This thesis deals with the problem of anomaly detection for sequence data. Anomaly detection has been a widely researched problem in several application domains such as system health management, intrusion detection, health-care, bio-informatics, fraud detection, and mechanical fault detection. Traditional anomaly detection techniques analyze each data instance (as a univariate or multivariate record) independently, and ignore the sequential aspect of the data. Often, anomalies in sequences can be detected only by analyzing data instances together as a sequence, and hence cannot detected by traditional anomaly detection techniques.
The problem of anomaly detection for sequence data is a rich area of research because of two main reasons. First, sequences can be of different types, e.g., symbolic sequences, time series data, etc., and each type of sequence poses unique set of problems. Second, anomalies in sequences can be defined in multiple ways and hence there are different problem formulations. In this thesis we focus on solving one particular problem formulation called semi-supervised anomaly detection. We study the problem separately for symbolic sequences, univariate time series data, and multivariate time series data.
The state of art on anomaly detection for sequences is limited and fragmented across application domains. For symbolic sequences, several techniques have been proposed within specific domains, but it is not well-understood as to how a technique developed for one domain would perform in a completely different domain. For univariate time series data, limited techniques exist, and are only evaluated for specific domains, while for multivariate time series data, anomaly detection research is relatively untouched.
This thesis has two key goals. First goal is to develop novel anomaly detection techniques for different types of sequences which perform better than existing techniques across a variety of application domains. The second goal is to identify the best anomaly detection technique for a given application domain. By realizing the first goal we develop a suite of anomaly detection techniques for a domain scientist to choose from, while the second goal will help the scientist to choose the technique best suited for the task.
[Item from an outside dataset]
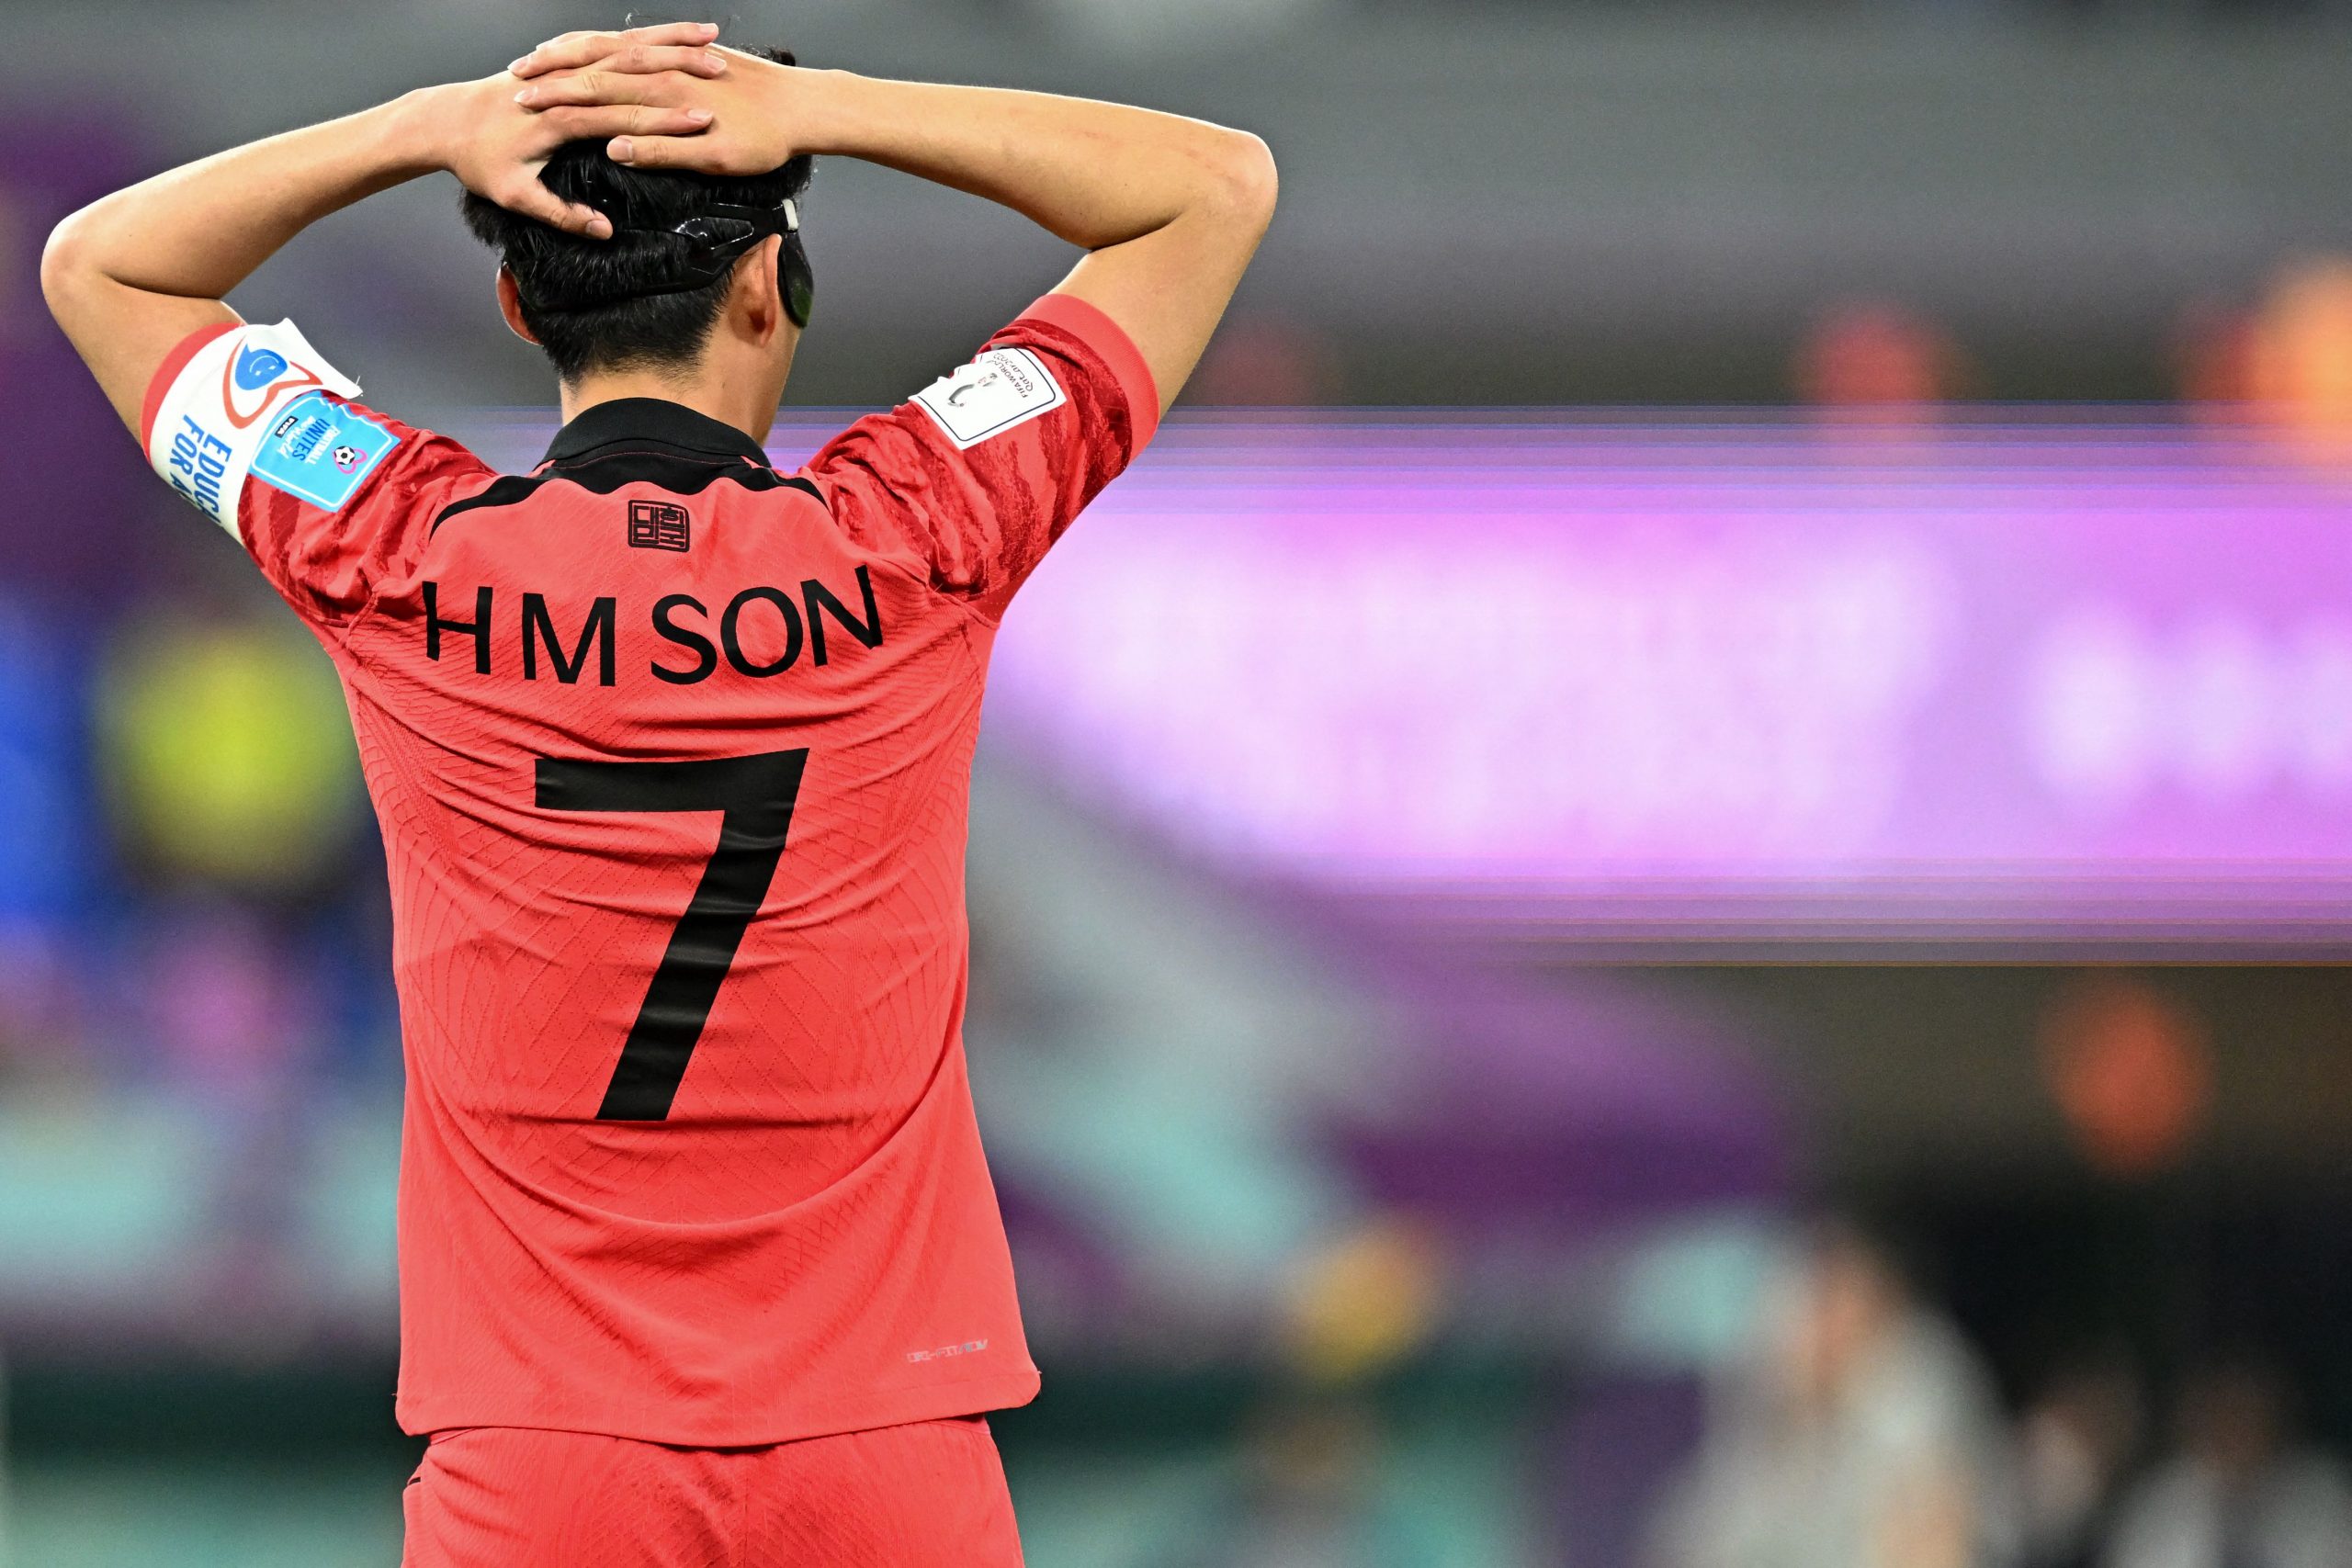 South Korea's midfielder #07 Son Heung-min reacts to a missed chance during the Qatar 2022 World Cup round of 16 football match between Brazil and South Korea at Stadium 974 in Doha on December 5, 2022. (Photo by MANAN VATSYAYANA / AFP) (Photo by MANAN VATSYAYANA/AFP via Getty Images)

To achieve the first goal we develop several novel anomaly detection techniques for univariate symbolic sequences, univariate time series data, and multivariate time series data. We provide extensive experimental evaluation of the proposed techniques on data sets collected across diverse domains and generated from data generators, also developed as part of this thesis. We show how the proposed techniques can be used to detect anomalies which translate to critical events in domains such as aircraft safety, intrusion detection, and patient health management. The techniques proposed in this thesis are shown to outperform existing techniques on many data sets. The technique proposed for multivariate time series data is one of the very first anomaly detection technique that can detect complex anomalies in such data.
To achieve the second goal, we study the relationship between anomaly detection techniques and the nature of the data on which they are applied. A novel analysis framework, Reference Based Analysis (RBA), is proposed that can map a given data set (of any type) into a multivariate continuous space with respect to a reference data set. We apply the RBA framework to not only visualize and understand complex data types, such as multivariate categorical data and symbolic sequence data, but also to extract data driven features from symbolic sequences, which when used with traditional anomaly detection techniques are shown to consistently outperform the state of art anomaly detection techniques for these complex data types. Two novel techniques for symbolic sequences are proposed using the RBA framework which perform better than the best technique for each different data set.